So it seemed like someone was simply trying to tie up Apache slots by bombarding it with empty POST requests. The question was how to stop it. I started with a simple shell script to feed the list of IPs that I’d extracted into iptables, but as the number of entries in the firewall (ok, packet filter) grew, the rate at which iptables could add them started to drop off quite seriously, to the point where it was only adding 3 or 4 per second. With 180,000 addresses, this was going to take a long time.
I decided to change tactics. Scanning through the list, the IPs appeared to be clustered slightly around netblocks. I took the first two octets of each address and generated a list of netblocks to filter in iptables, eg:
iptables -A INPUT -s %IP%.0.0/16 -j DROP
The result was 9,500 netblocks, a much more manageable number. It was still a bit of a gamble: we didn’t have time to look up the start and end addresses for the netblocks to which each IP belonged to, so firewalling off x.x.0.0/16 was just a guess. With this being a UK company, we didn’t care too much about blocking overseas traffic off (not ideal, but an acceptable solution), but there was still a danger that, while 18.104.22.168 might belong to a two-bit Korean ISP, 22.214.171.124 might be a UK netblock. We took the risk.
An hour later these rules had been processed, but Apache was still being hit moderately heavily by new IP addresses. I wrote a perl script to tail the Apache log and add them to the firewall, but at a rate or around 5 per second, iptables was still struggling to keep up. I gave it a couple of hours, in the hope that it would pick up the majority of the addresses, but later that day Apache was still being hammered. In addition, my client had discovered that several legitimate people (including the owner of the site) had been firewalled too – clearly filtering off whole B-classes was too aggressive. So again, the hunt was on for a more effective solution.
I started looking into iptable’s ability to match strings inside the TCP packet payload. One option was to block all HTTP POST requests (which would interfere with the operation of the site to some extent, but was better than no site at all), but blocking the UserAgent seemed a better bet, the POST requests all looked like this:
defaulthost:80 126.96.36.199 – – [28/Jul/2013:16:57:06 +0100] “POST / HTTP/1.1” 301 360 “-” “Mozilla/4.0 (compatible; MSIE 6.0; Windows NT 5.1; SV1)”
My client agreed that blocking anyone using IE 6 on Windows 2000 wasn’t the end of the world, and should have a negligible impact on legitimate users.
So we tried this:
iptables -I INPUT -m string --algo bm --string "MSIE 6.0; Windows NT 5.1; SV1" -j REJECT
The trouble was, by the time the UserAgent had been sent inside the HTTP request, the TCP connection had already been opened.
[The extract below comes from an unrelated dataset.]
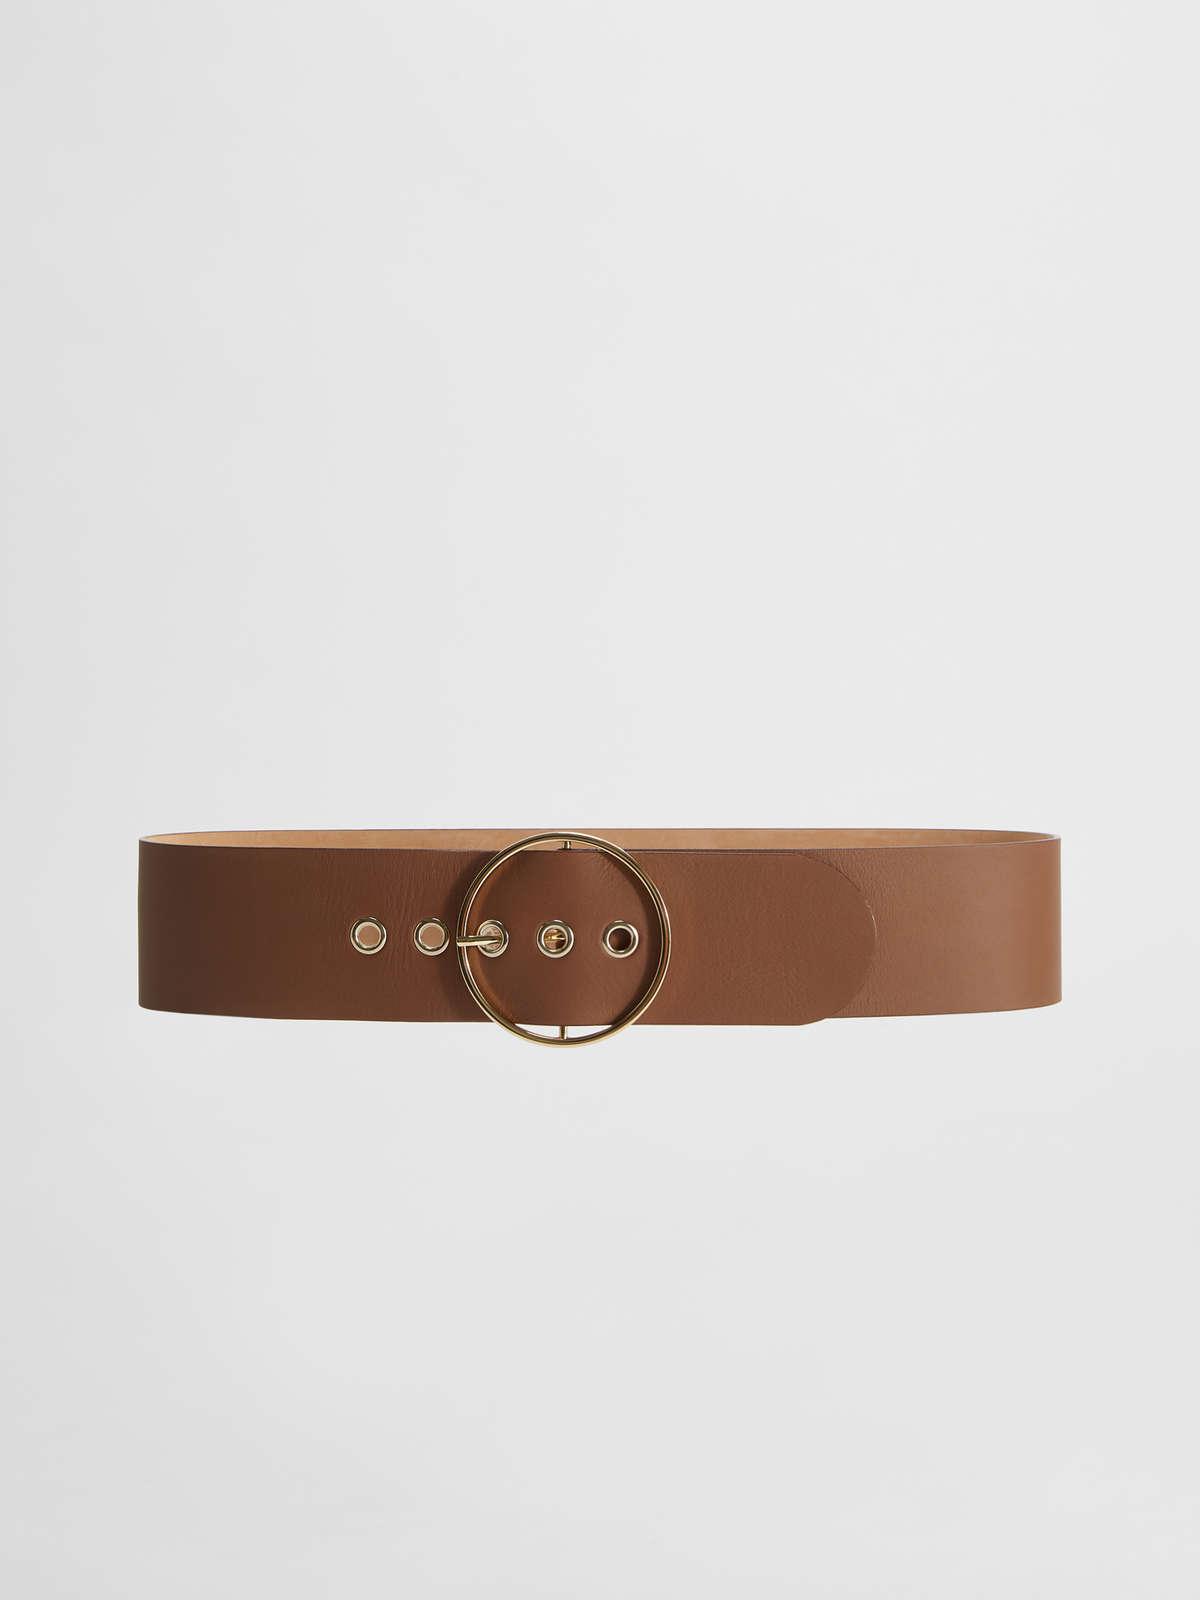 Smooth leather belt - Max Mara

Apache was still clogged up handling those connections.
I started looking at the tcpdump output again, wondering if there was anything in the TCP headers which would uniquely identify these DoS agents. One thing that struck me was the TTL: an HTTP request from Thailand would almost certainly have gone through more hops than a request from a client in the UK (the server is hosted in the Germany). I considered blocking any traffic with a TTL lower than a certain value, but decided against it: over the years, different operating systems have used different default TTLs, and while we can usually guess at what the original TTL was (if a packet arrives with a TTL of 20 it’s much more likely that the client is 12 hops away and it started at 32, rather than it having started at 64 with the client 44 hops away), it didn’t seem reliable enough.
In the end we went back to my original list of subnets, and compared this against a freely available list of IP blocks by country at https://www.countryipblocks.net/country_selection.php. From that we were able to determine which of my list of B-class networks definitely didn’t contain any UK addresses, and firewall them off.
While that was running, I thought it would be interesting to see what else I could find out about these bots. I picked half a dozen at random and nmap’d them. Nothing interesting, and no common pattern. Perhaps the DDoS agent runs over UDP, or uses port knocking or a reverse tunnel. I also used p0f to do some fingerprinting; all the hosts were identified as ‘Windows XP/2000’ (although p0f doesn’t always get it right).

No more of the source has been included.